# ISO help making sweet fruit yogurt from bitter live yogurt



## new_cook (Nov 3, 2013)

Hi

First great forum.

Sorry I'm not a good cook. I can only boil an egg.

Can you please help me. I want to change live bitter natural yoghurt into sweet fruit yoghurt?

I've tried a few dodgy ways but it comes out all wrong. It tastes weird.  A quick and simple way, if possible, please.

Can you please help???


----------



## GotGarlic (Nov 3, 2013)

Hi, new cook.
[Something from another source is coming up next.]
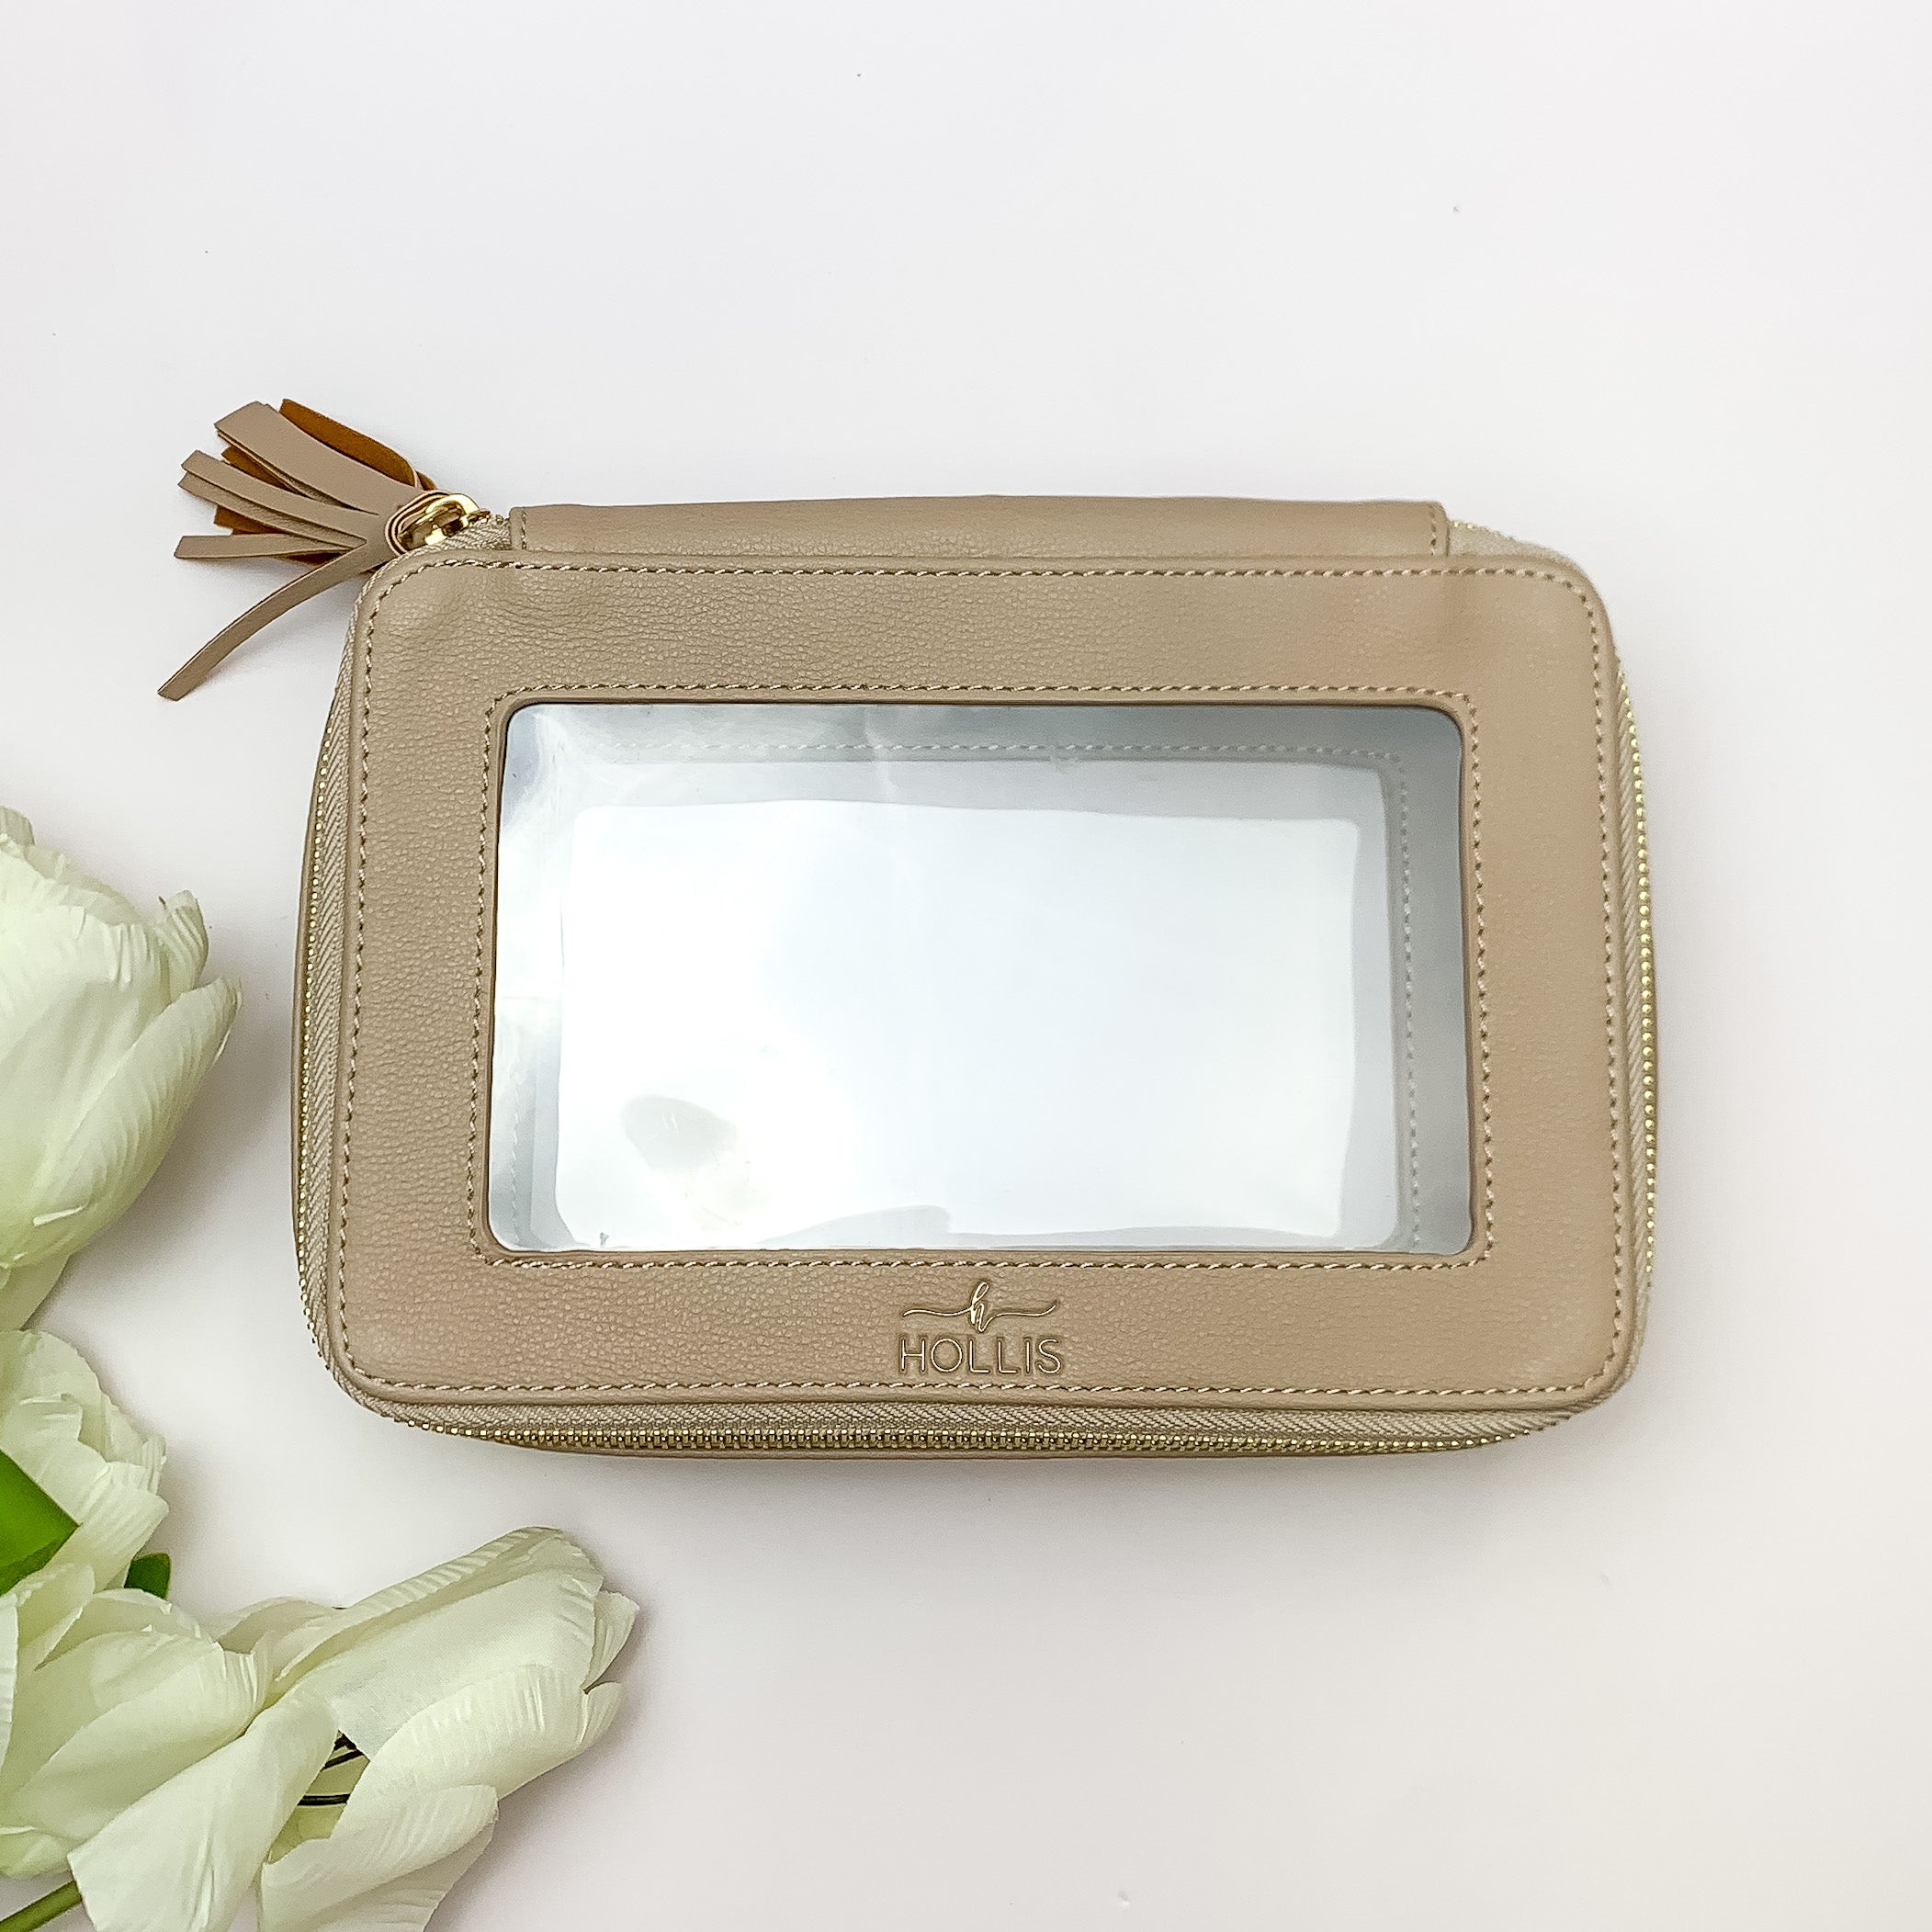 Nude and clear rectangle toiletry bag pictured on a white background with white flowers on the bottom left corner. 
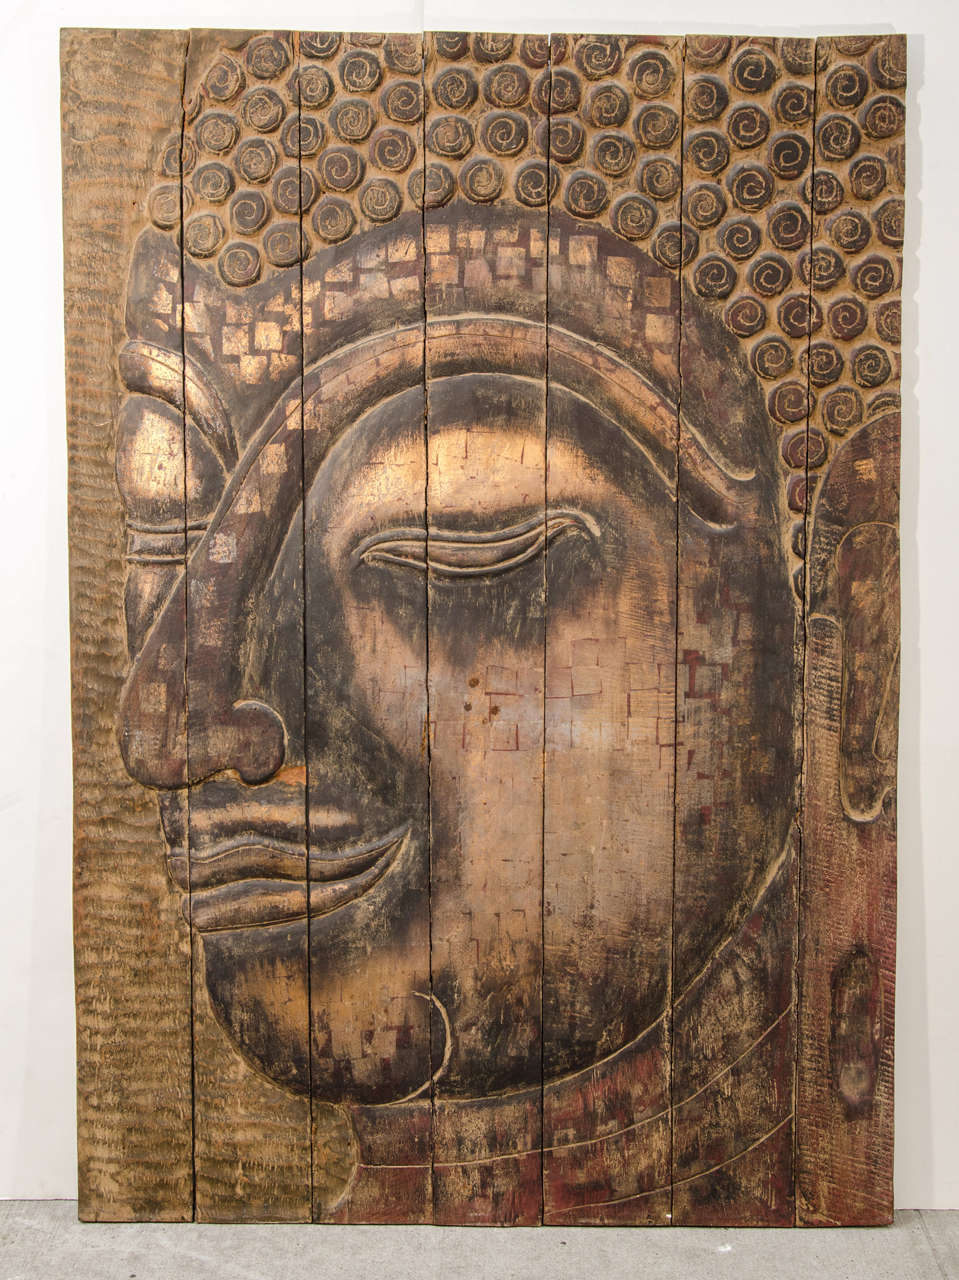 Exceptional contemporary art wall panel of Buddha. The piece is comprised of large wood panel slats vertically aligned to form the face of Buddha. Hand crafted and hand carved from pieces of reclaimed wood.  The panel has a variety of carvings and

Welcome to DC 

What are you doing now and why is it not working?


----------



## new_cook (Nov 4, 2013)

I whisk it by hand and add sweet fruit. Strawberries, black berries etc.


----------



## Andy M. (Nov 4, 2013)

Have you tried using jams?


----------



## GotGarlic (Nov 4, 2013)

Jams would mix in better. You can also drizzle it with honey


----------



## merstar (Nov 4, 2013)

A few ideas:
Mix in a mashed up ripe, sweet banana - I've done that many times and it really sweetens up the yogurt. Can also add a little vanilla extract and/or maple syrup.
Puree berries of choice with sugar, and mix them in.


----------